O presidente Jair Bolsonaro (PSL) tem deixado transpirar nas esferas de poder em Brasília a revelação de que pode abrir mão de concorrer à reeleição para o cargo, mas, ao mesmo tempo, faz jogo duplo, como a insinuação, nas últimas horas, de que a pressão está muito forte para que ele se candidate em 2022. Bolsonaro chegou a prometer se empenhar nos bastidores pelo fim da reeleição, com a condição de ser aprovada uma reforma política que oxigene a atividade e as próprias agremiações, escoimando-as de vícios e de instrumentos de barganha de que se utilizam atualmente para anabolizar a estrutura de partidos e a dimensão de lideranças. A esse respeito não convém esquecer as denúncias que pipocaram na mídia sobre a existência de um laranjal político, em partidos como o PSL, a que o presidente é filiado, pelo qual candidatos e candidatas a mandatos legislativos teriam sido beneficiados com dinheiro do Fundo Partidário, mesmo sem ter condições de saírem vitoriosos no pleito.
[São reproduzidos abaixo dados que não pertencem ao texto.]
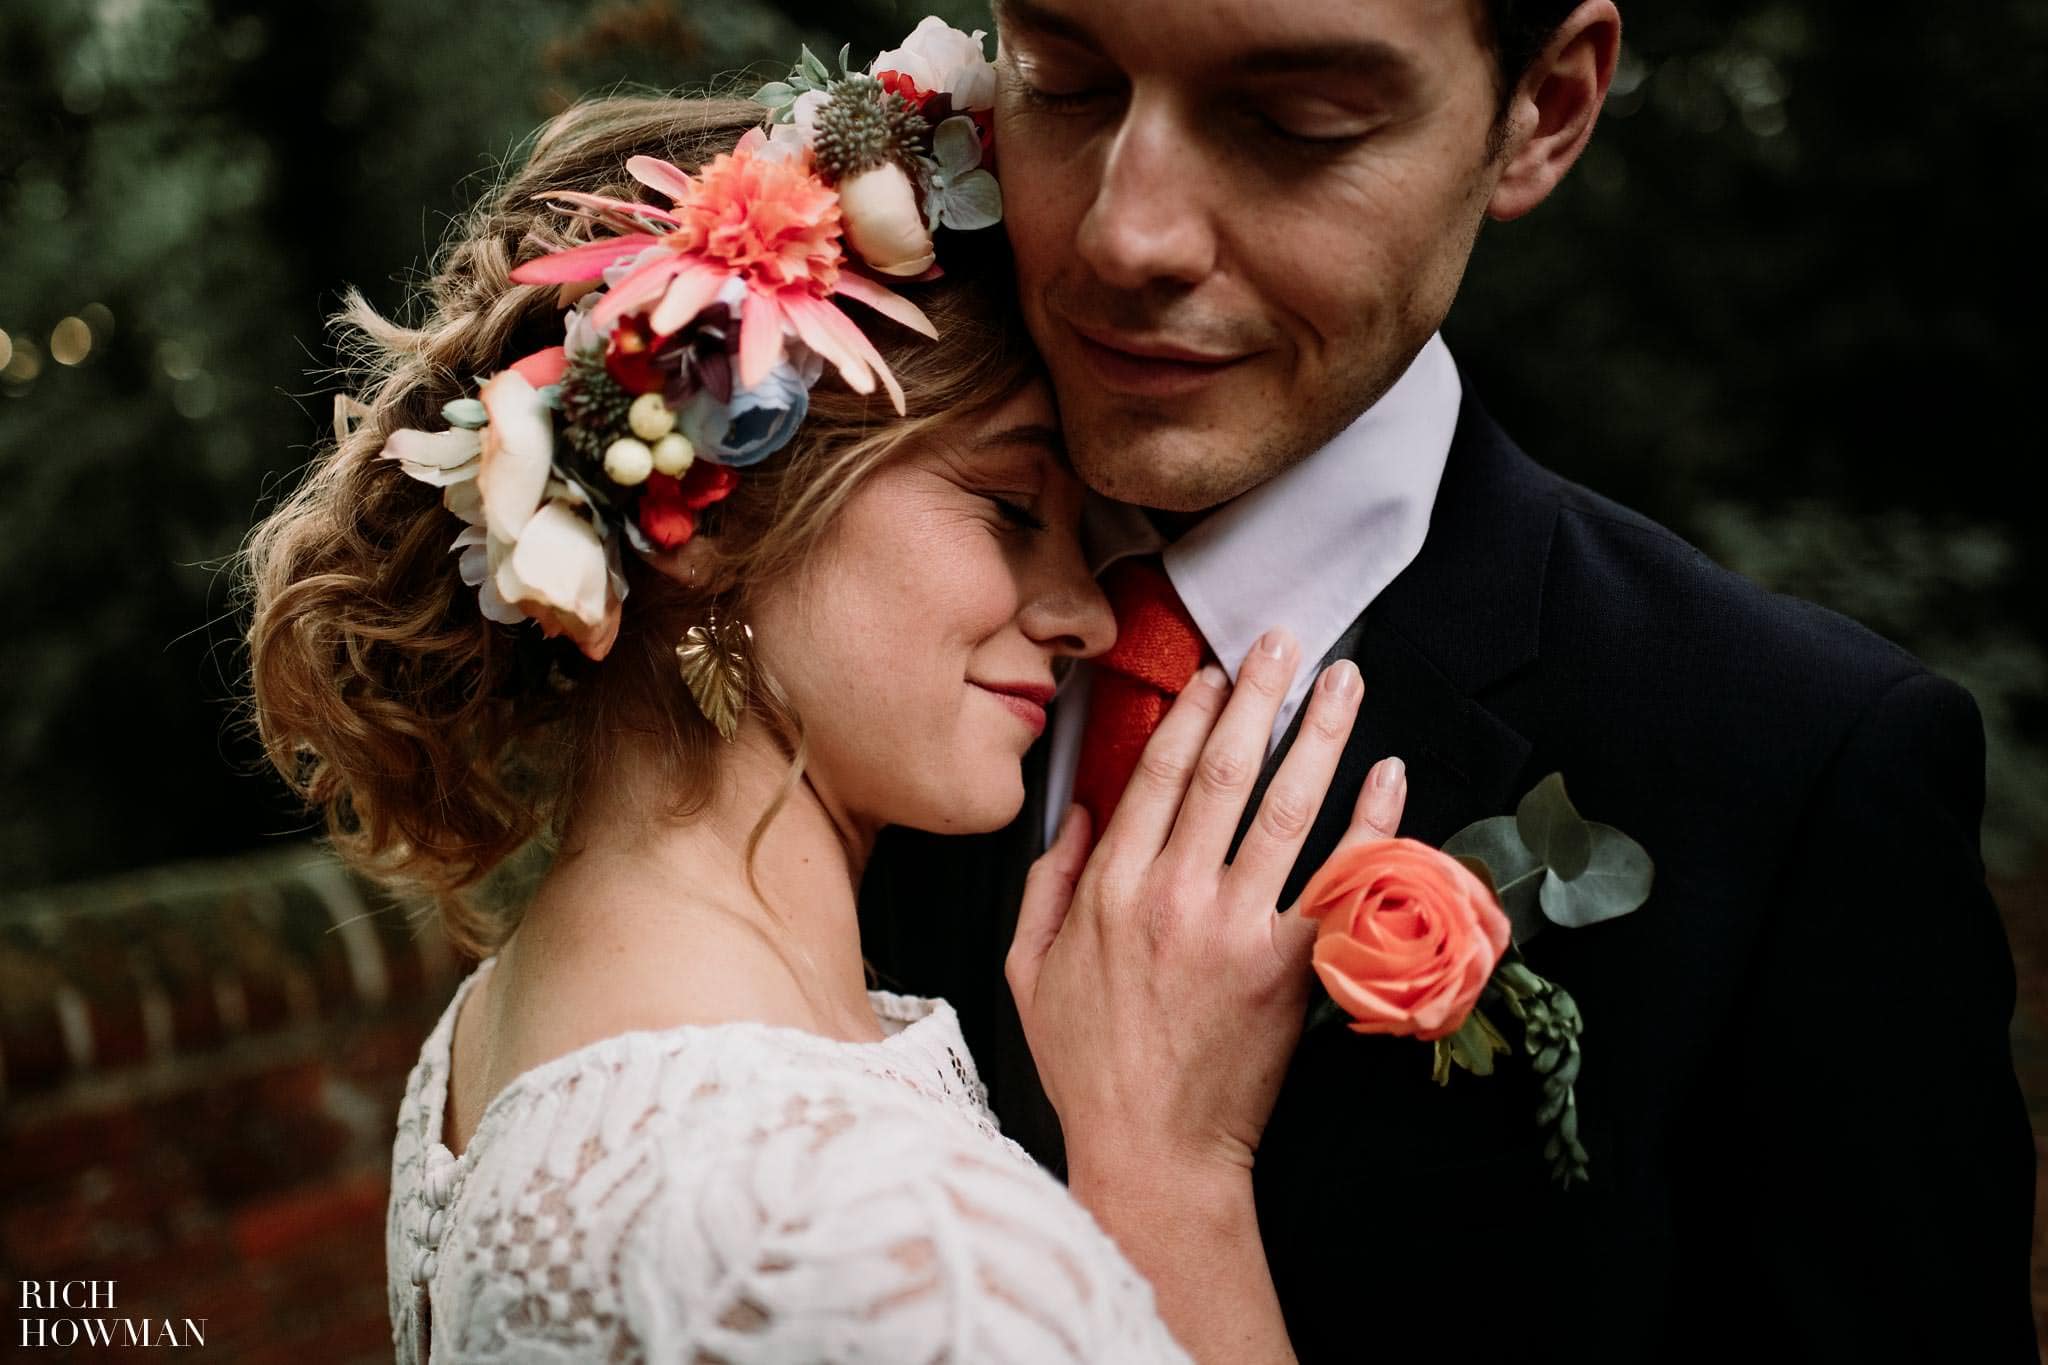 Boho Wedding Photographer for a wedding in the woods. Bride and Groom snuggle up for wedding photos

O instituto da reeleição foi adotado em 1998, na vigência do primeiro mandato do presidente tucano Fernando Henrique Cardoso, que dispôs de um segundo mandato nas urnas. O processo para viabilizar a reeleição foi bastante criticado e enfrentou denúncias de compra de votos de parlamentares por parte das lideranças que faziam a ponte política oficial na Câmara e no Senado. Fernando Henrique, em reiterados depoimentos, eximiu-se de qualquer responsabilidade ou participação direta em eventuais negociatas que teriam sido postas em prática. De acordo com ele, o assunto foi tratado, diretamente, no âmbito das bancadas e dos líderes de partidos. Não se considerou, pessoalmente, maculado quando logrou obter o segundo mandato, em cuja conclusão passou a faixa a Luiz Inácio Lula da Silva, do PT.
Fernando Henrique nunca escondeu objeções à barganha política travada entre partidos e que resultou em escândalos de gravidade como os mensalões do PSDB e do PT, este mais punido severamente pelo Supremo Tribunal Federal, onde juízes chegaram a qualificar o pagamento de mesada a parlamentares para aprovação de matérias do interesse do governo como um ponto fora da curva, na definição do ministro sergipano Carlos Ayres Britto. FHC sustentou, porém, em paralelo, a compreensão de que nenhum presidente governa sem apoio do Congresso, independente do preço a pagar, traduzido no fisiologismo, no chamado toma lá, dá cá, tão conhecido e difundido na classe política brasileira.
A reeleição em si, na forma como foi concebida, não constitui um mal grave para a democracia e a sobrevivência das instituições. O motor que originou a sua institucionalização foi a necessidade estratégica de submeter governos a avaliações ou julgamento parte do eleitorado, o que forneceria aos gestores um instrumental eficiente para corrigir rumos e aprimorar as ações prometidas em palanque. Ocorre, como se dá no Brasil, que em pouco tempo o processo tornou-se eivado de distorções aliás, já no nascedouro, como denunciaram os adversários de Fernando Henrique Cardoso. O instituto da recondução foi adaptado aos Estados e municípios, favorecendo governadores e prefeitos. Houve tentativas dentro do próprio Congresso, em esboços de reforma política, para eliminar o instituto da reeleição. O que não houve foi vontade política para extinguir a recondução pelo voto.
A reforma política a que tem aludido o presidente Bolsonaro é um experimento igualmente tentado por várias vezes, em termos de aplicabilidade, no sistema que rege a vida das organizações partidárias e o comportamento dos líderes políticos que se candidatam em disputas majoritárias e proporcionais. Ao longo dos anos, penduricalhos têm sido introduzidos, a exemplo da cláusula de barreira, que exige um percentual expressivo de representatividade parlamentar para o registro de partidos em condições de disputar eleições, inclusive, presidenciais. Em regra, especialistas definem essas mudanças como cosméticas, sem maior profundidade e, portanto, sem maior utilidade para funcionamento efetivo da democracia. As coligações partidárias também sofreram mutações ao longo dos anos.
Agora que a questão está sendo recolocada em pauta pelo presidente Jair Bolsonaro cabe a indagação: quem está no poder tem vontade de entregar o poder ao adversário? Isto será respondido com o tempo, à medida que o próprio governo avançar de forma mais concreta nas metas a que se proporá e que ainda estão confusas para grande parte do eleitorado ou da sociedade brasileira.